■ **RECORDS TO USE**

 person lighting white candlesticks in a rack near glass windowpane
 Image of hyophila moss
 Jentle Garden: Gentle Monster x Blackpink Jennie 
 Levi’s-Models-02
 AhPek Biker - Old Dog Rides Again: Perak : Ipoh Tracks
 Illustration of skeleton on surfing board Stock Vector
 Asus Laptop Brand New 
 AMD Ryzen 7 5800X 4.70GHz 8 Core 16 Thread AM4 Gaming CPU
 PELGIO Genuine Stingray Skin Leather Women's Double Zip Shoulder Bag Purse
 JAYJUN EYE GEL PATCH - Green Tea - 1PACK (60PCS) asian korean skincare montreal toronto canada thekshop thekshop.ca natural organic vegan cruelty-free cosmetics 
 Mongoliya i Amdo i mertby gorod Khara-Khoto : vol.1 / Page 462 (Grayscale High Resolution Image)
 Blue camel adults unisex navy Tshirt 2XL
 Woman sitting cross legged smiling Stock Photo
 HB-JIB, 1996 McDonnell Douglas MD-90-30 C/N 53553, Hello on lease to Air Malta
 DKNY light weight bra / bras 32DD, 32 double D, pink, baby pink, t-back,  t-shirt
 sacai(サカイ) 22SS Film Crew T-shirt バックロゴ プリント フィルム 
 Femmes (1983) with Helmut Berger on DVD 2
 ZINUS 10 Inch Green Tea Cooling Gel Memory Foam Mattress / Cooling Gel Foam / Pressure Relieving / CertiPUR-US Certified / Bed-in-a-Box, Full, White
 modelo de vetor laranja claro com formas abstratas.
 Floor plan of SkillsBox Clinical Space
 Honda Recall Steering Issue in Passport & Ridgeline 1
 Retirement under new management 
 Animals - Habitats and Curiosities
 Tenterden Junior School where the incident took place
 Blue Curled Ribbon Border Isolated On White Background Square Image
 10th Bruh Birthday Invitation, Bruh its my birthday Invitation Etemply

■ **PROBLEM DESCRIPTION**
Copy out each line of the material that holds the word "Green".

■ **EXPECTED ANSWER**
 JAYJUN EYE GEL PATCH - Green Tea - 1PACK (60PCS) asian korean skincare montreal toronto canada thekshop thekshop.ca natural organic vegan cruelty-free cosmetics 
 ZINUS 10 Inch Green Tea Cooling Gel Memory Foam Mattress / Cooling Gel Foam / Pressure Relieving / CertiPUR-US Certified / Bed-in-a-Box, Full, White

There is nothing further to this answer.